Show that the three lines with direction cosines $\frac{12}{13}, \frac{-3}{13}, \frac{-4}{13} ; \frac{4}{13}, \frac{12}{13}, \frac{3}{13} ; \frac{3}{13}, \frac{-4}{13}, \frac{12}{13}$ are mutually perpendicular.

Two lines with direction cosines $l_{1}, m_{1}, n_{1}$ and $l_{2}, m_{2}, n_{2}$ are perpendicular to each other if $l_{1}l_{2} + m_{1}m_{2} + n_{1}n_{2} = 0$.
$(i)$ For the lines with direction cosines $\frac{12}{13}, \frac{-3}{13}, \frac{-4}{13}$ and $\frac{4}{13}, \frac{12}{13}, \frac{3}{13}$,we have:
$l_{1}l_{2} + m_{1}m_{2} + n_{1}n_{2} = \left(\frac{12}{13}\right)\left(\frac{4}{13}\right) + \left(\frac{-3}{13}\right)\left(\frac{12}{13}\right) + \left(\frac{-4}{13}\right)\left(\frac{3}{13}\right)$
$= \frac{48}{169} - \frac{36}{169} - \frac{12}{169} = 0$.
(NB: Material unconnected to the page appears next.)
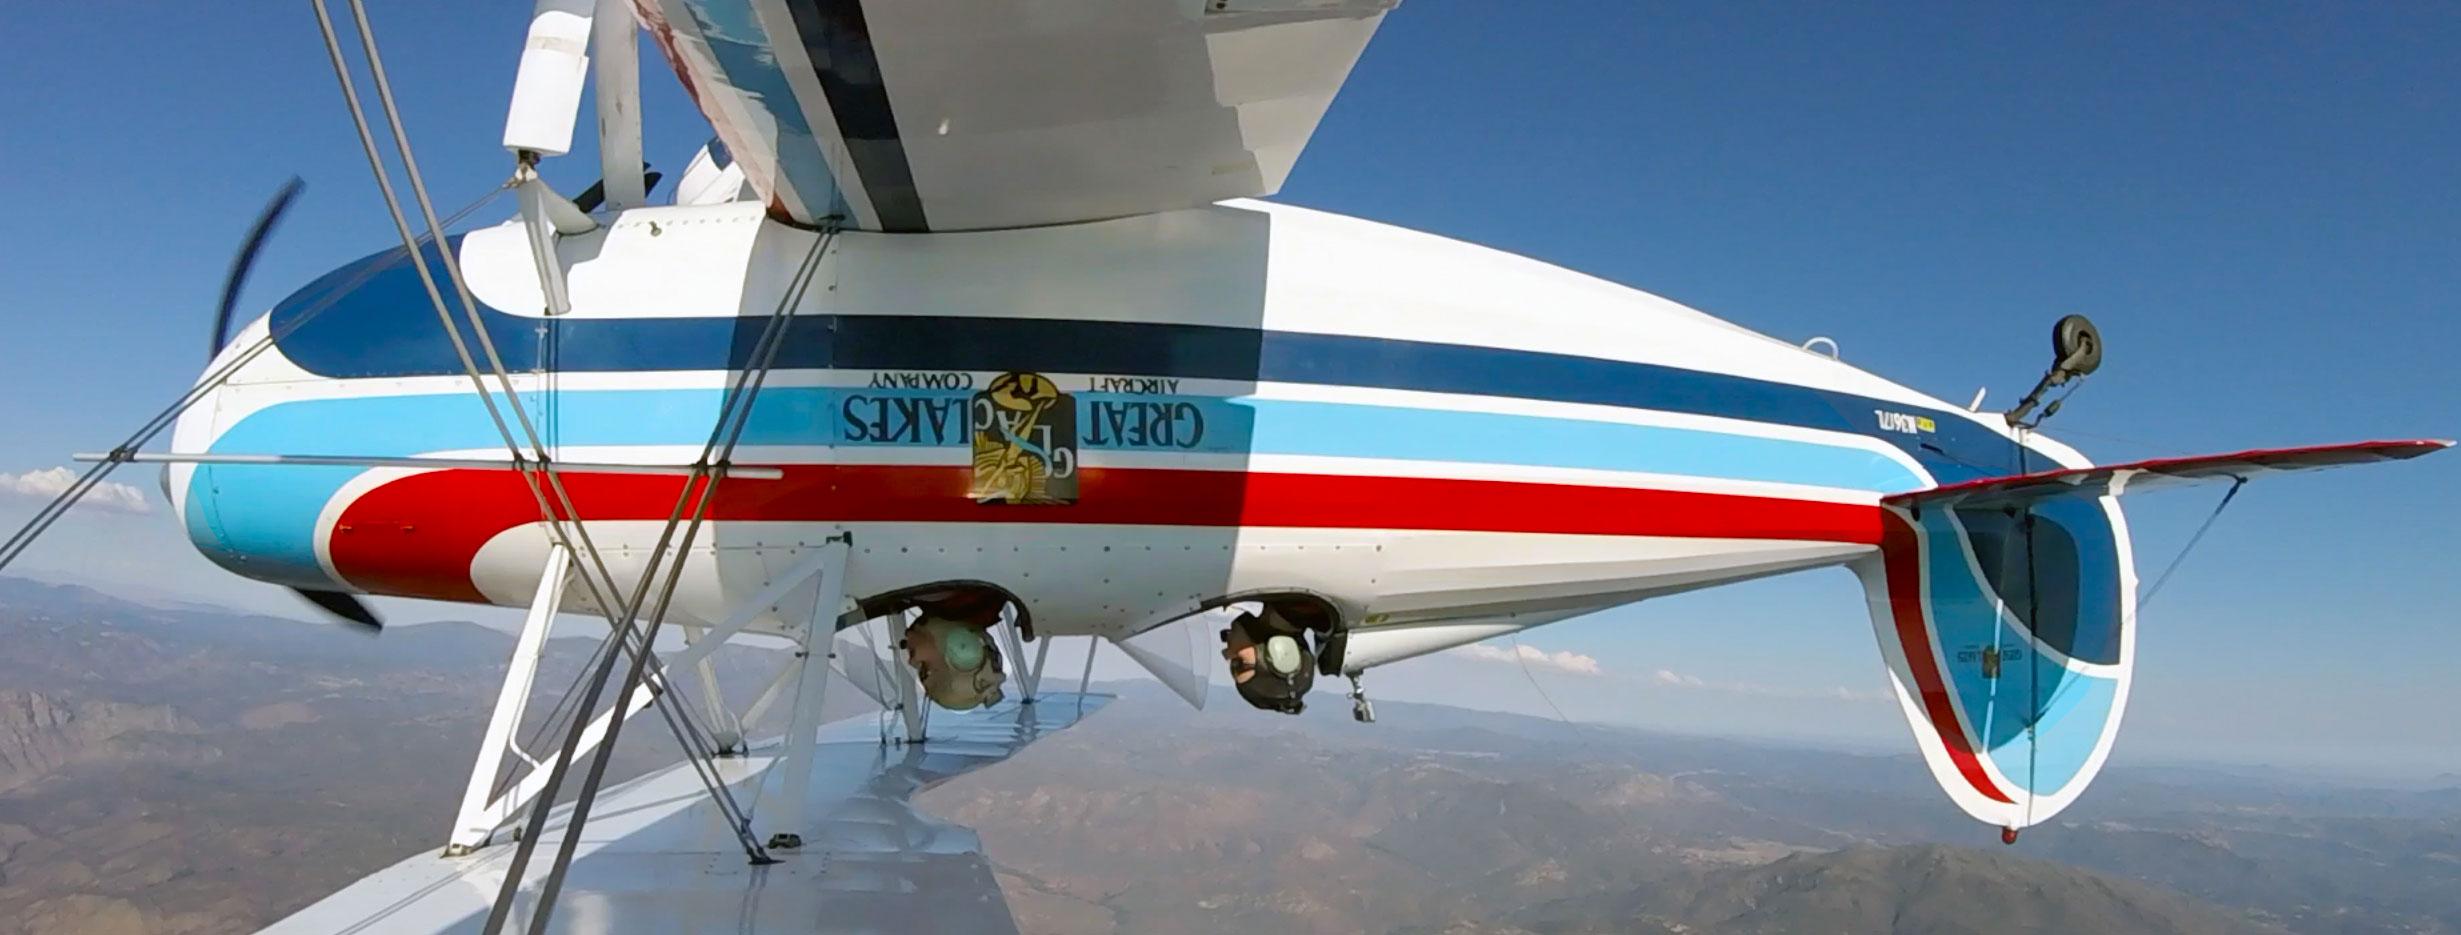 Aerobatics_tour_inverted_Flight_web.jpg

Thus,these two lines are perpendicular.
$(ii)$ For the lines with direction cosines $\frac{4}{13}, \frac{12}{13}, \frac{3}{13}$ and $\frac{3}{13}, \frac{-4}{13}, \frac{12}{13}$,we have:
$l_{1}l_{2} + m_{1}m_{2} + n_{1}n_{2} = \left(\frac{4}{13}\right)\left(\frac{3}{13}\right) + \left(\frac{12}{13}\right)\left(\frac{-4}{13}\right) + \left(\frac{3}{13}\right)\left(\frac{12}{13}\right)$
$= \frac{12}{169} - \frac{48}{169} + \frac{36}{169} = 0$.
Thus,these two lines are perpendicular.
$(iii)$ For the lines with direction cosines $\frac{3}{13}, \frac{-4}{13}, \frac{12}{13}$ and $\frac{12}{13}, \frac{-3}{13}, \frac{-4}{13}$,we have:
$l_{1}l_{2} + m_{1}m_{2} + n_{1}n_{2} = \left(\frac{3}{13}\right)\left(\frac{12}{13}\right) + \left(\frac{-4}{13}\right)\left(\frac{-3}{13}\right) + \left(\frac{12}{13}\right)\left(\frac{-4}{13}\right)$
$= \frac{36}{169} + \frac{12}{169} - \frac{48}{169} = 0$.
Thus,these two lines are perpendicular.
Since all pairs are perpendicular,the three lines are mutually perpendicular.